Seventy-eight per cent felt these two leading atheists were providing a much needed vigorous response to religion, 17 per cent chose the only slightly less enthusiastic answer that they enliven the debate, while a mere 3 per cent disliked their tone. Only 35 people thought they were bad for the humanist cause.

These results are hardly surprising, given the nature of those who use our site. But it was still revealing to canvass sympathisers on whether the trenchant rhetoric of the two recent books, The God Delusion and God is Not Great, was creating something of a backlash. And that’s the issue that philosopher Richard Norman takes up in our cover story.

What was perhaps more intriguing than the actual results were some of the comments we received about the poll. We were particularly struck by the vehemence of those who felt we had been out of line for daring to question the impact of Richard Dawkins (see the letters page), given that these are the very people who castigate religious believers for blind adherence to dogma.
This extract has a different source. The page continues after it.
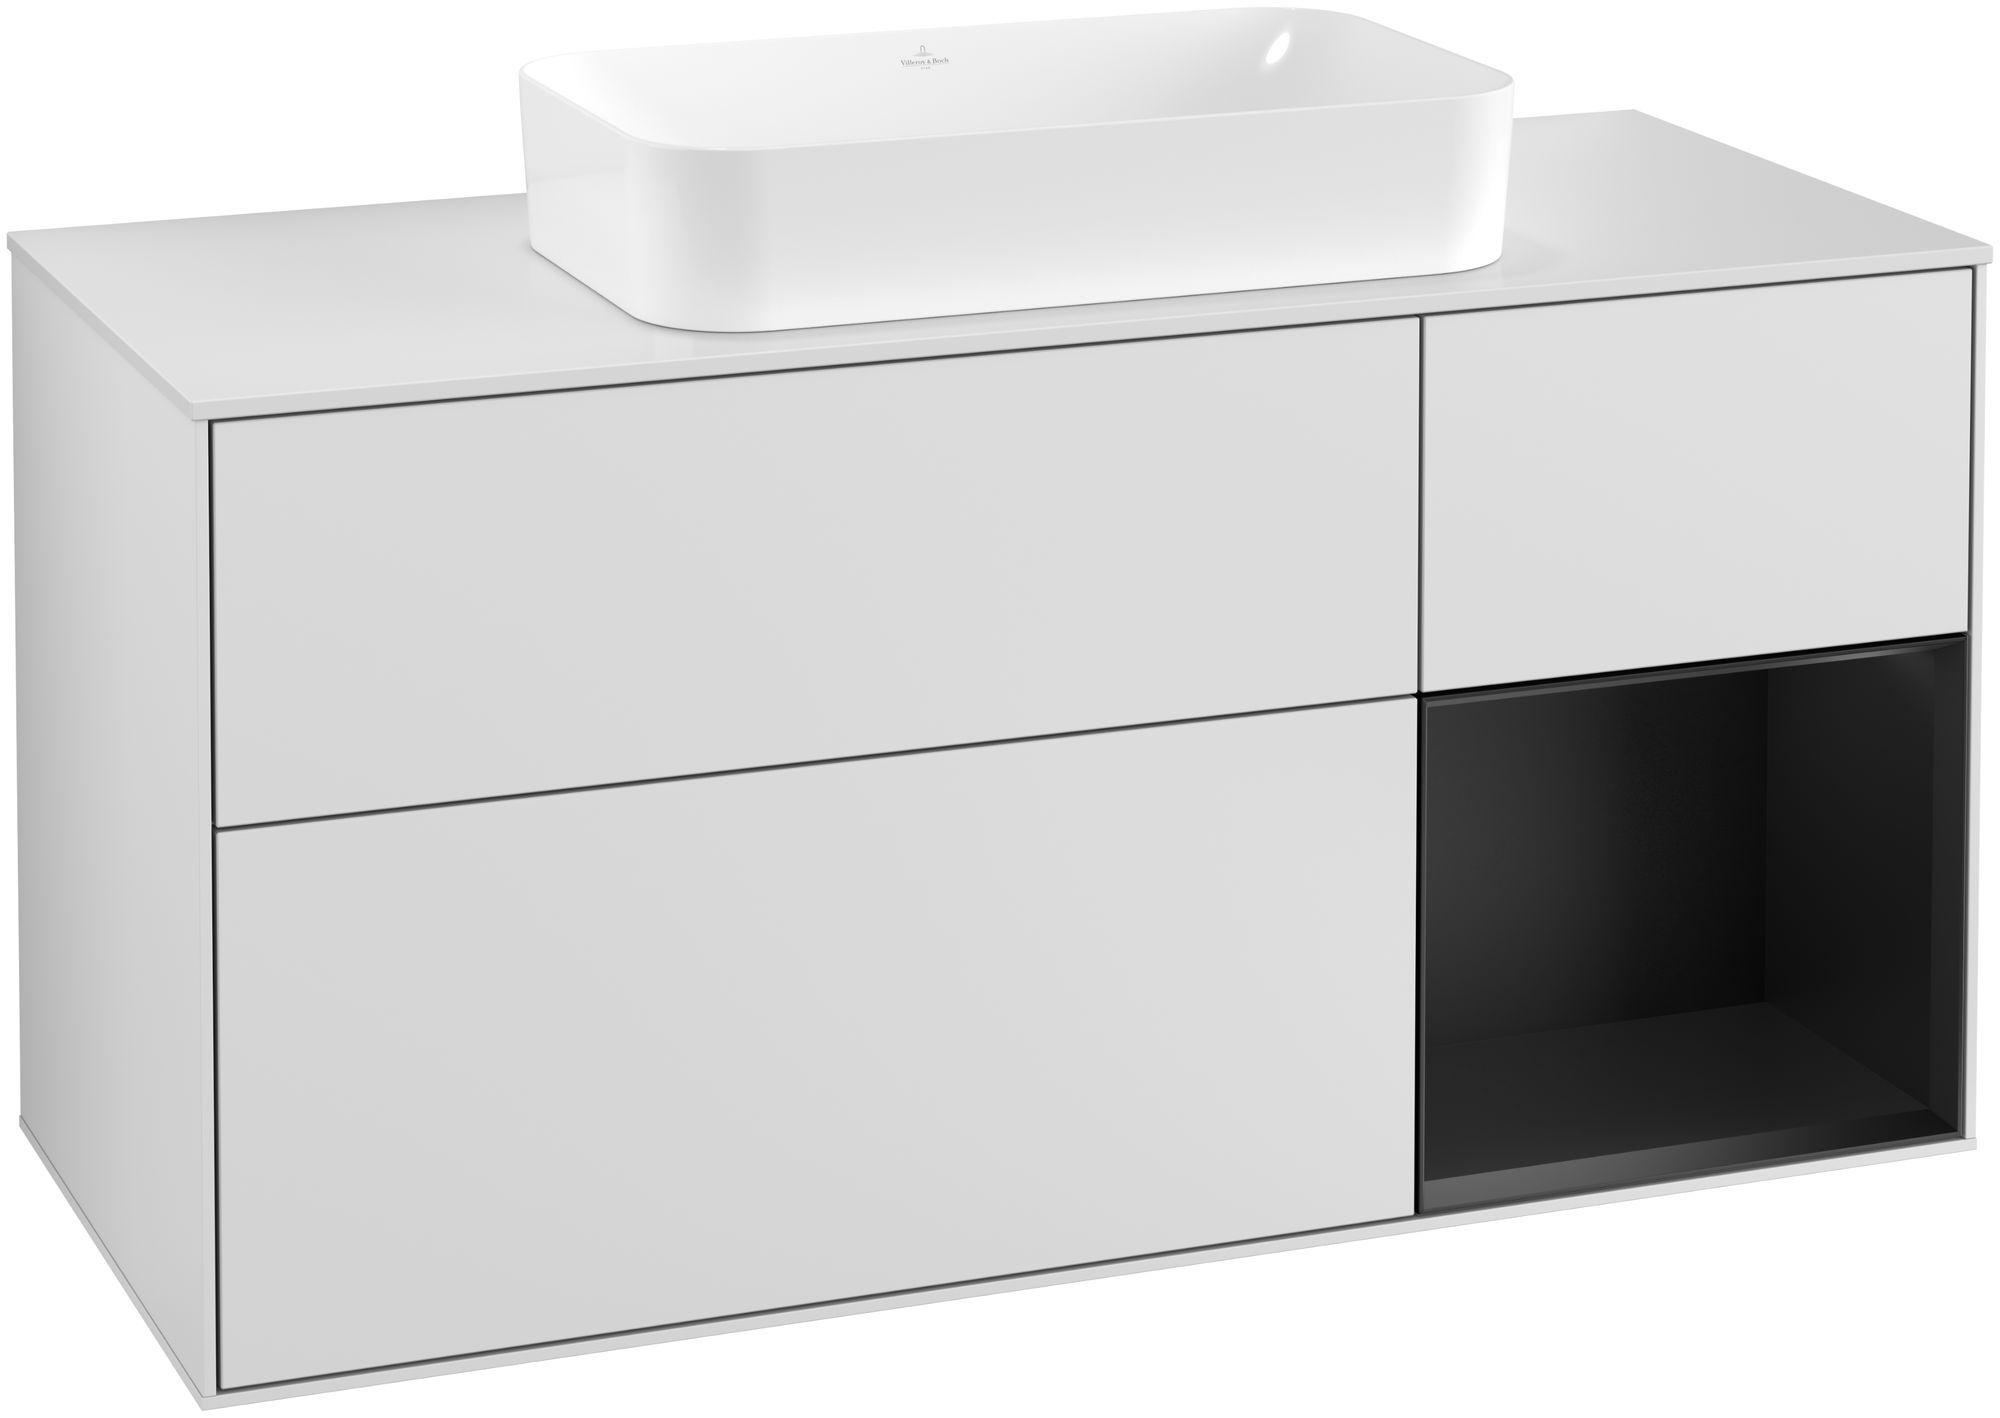 Villeroy & Boch Finion G30 Waschtischunterschrank mit Regalelement 3 Auszüge Waschtisch mittig LED-Beleuchtung B:120xH:60,3xT:50,1cm Front, Korpus: Weiß Matt Soft Grey, Regal: Black Matt Lacquer, Glasplatte: White Matt G301PDMT

So, to make sure that we don’t replace one creed with another, perhaps non-believers need to rethink their badges. America’s most prominent atheist, Sam Harris, author of The End of Faith, mischievously proposed to the Atheist Alliance International Conference in Virginia recently that the terms “atheist”, “humanist” and “rationalist” should be dropped altogether. Such labels were unhelpful, he argued, when all that was needed was to attack bad arguments wherever they were found. In a response to an outburst from offended atheists Harris remarked that there is “something cult-like about the culture of atheism”.

But, as this issue demonstrates, religion is still far more cult-like and sinister. Reporting on her unique visit to India’s Darul Uloom Madrassa, Edna Fernandes looks at the growing power of the literalist Deobandi school of Islamic thought, the most powerful stream within British Islam. Deobandi Islam insists on rigid adherence to the word of the Koran: the “gates of ijtihad”, or independent reasoning, are forever closed tight.

Stephen Bates offers another insight into dogmatism this issue where he explains why the vicious in-fighting and petty piety of even that most woolly outfit, the Church of England, has led him to quit his role as religious affairs correspondent of the Guardian. Completing our world tour of closed-mindedness Ebenezer Obadare reports on the rise of religious zealotry in Nigeria.

For an antidote to the kind of narrow-minded certainties peddled by the muftis, clerics and Pentecostals read humanist philosopher Tzvetan Todorov’s powerful and subtle reflections on the issue of cartoons, offence and respect. And if this doesn’t help you could always turn to Laurie Taylor’s Endgame for guidance in the art of blowing your top.